Burgener also dated fellow weightlifter Casey Burgener, a two-time super heavyweight champion at the Pan American Games. The two became engaged after competing for their respective classes at the 2007 World Weightlifting Championships in Bangkok, Thailand, when Casey proposed to her while on a sightseeing tour from the back of an elephant.

After winning national championships for three consecutive years, Burgener was named to the U.S. Olympic weightlifting team. Her future husband Casey, on the other hand, was expected to be the third and final male Olympic qualifier from the United States, but the national team decided to grant two slots for male weightlifters instead. Following her fiance's huge disappointment, Burgener qualified for the women's middleweight category (63 kg) at the 2008 Summer Olympics in Beijing, along with her teammate Carissa Gump. She placed twelfth in this event, by successfully lifting 97 kg in the single-motion snatch, and hoisting 114 kg in the two-part, shoulder-to-overhead clean and jerk, for a total of 211 kg.

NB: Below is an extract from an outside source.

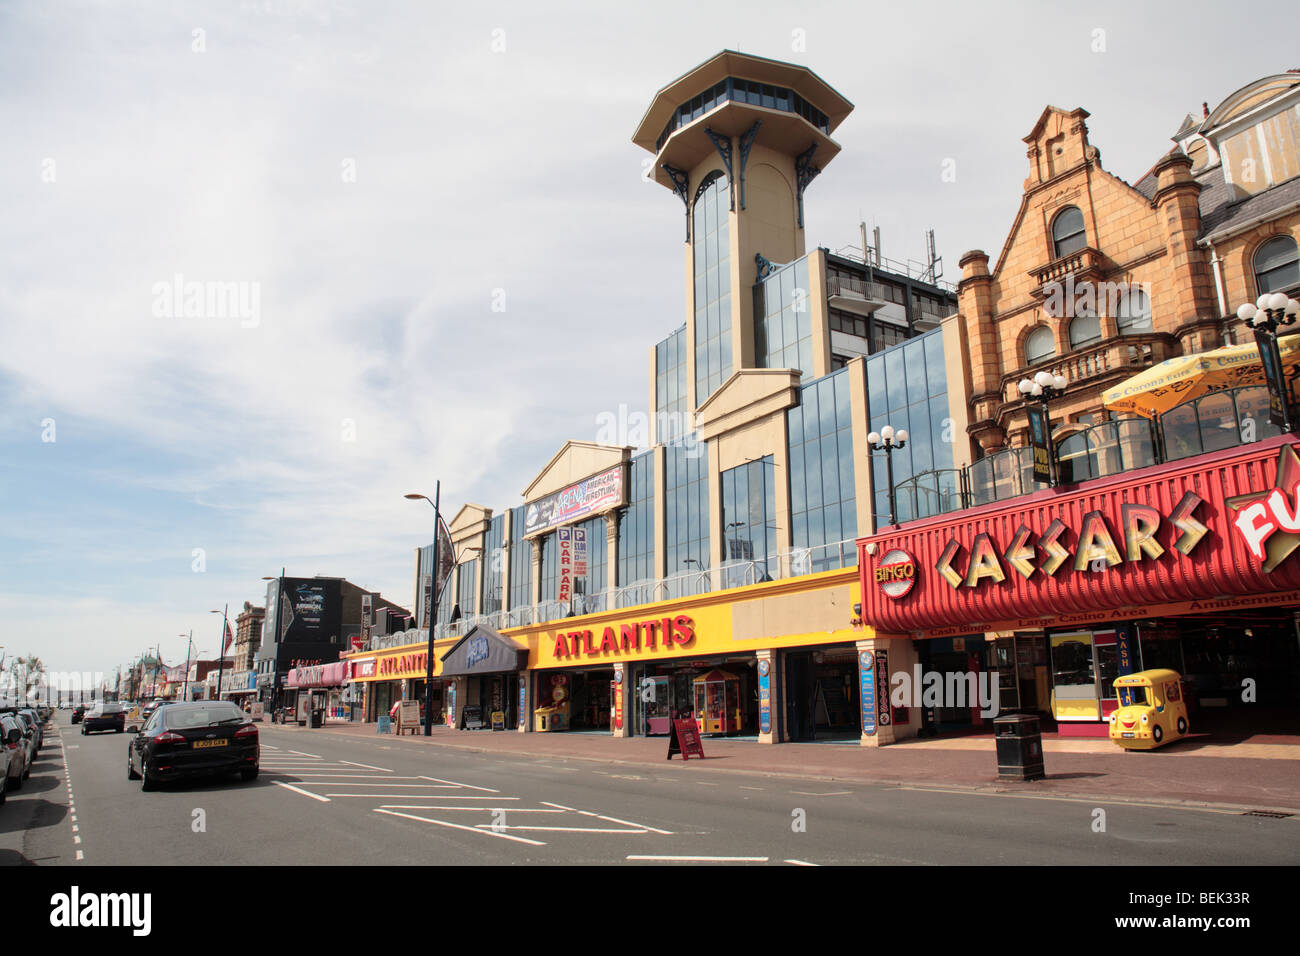 Viewing tower and amusement arcades, Great Yarmouth Stock Photo

Three months after the Olympics, Burgener married Casey at his family's home in California. She took a year off from the competition, and consequently, moved to San Diego, where she and her husband worked as assistant strength coaches at the University of San Diego. In 2010, Burgener returned to Colorado Springs, Colorado, and trained full-time at USOC, with the goal of medalling for the 2012 Summer Olympics in London.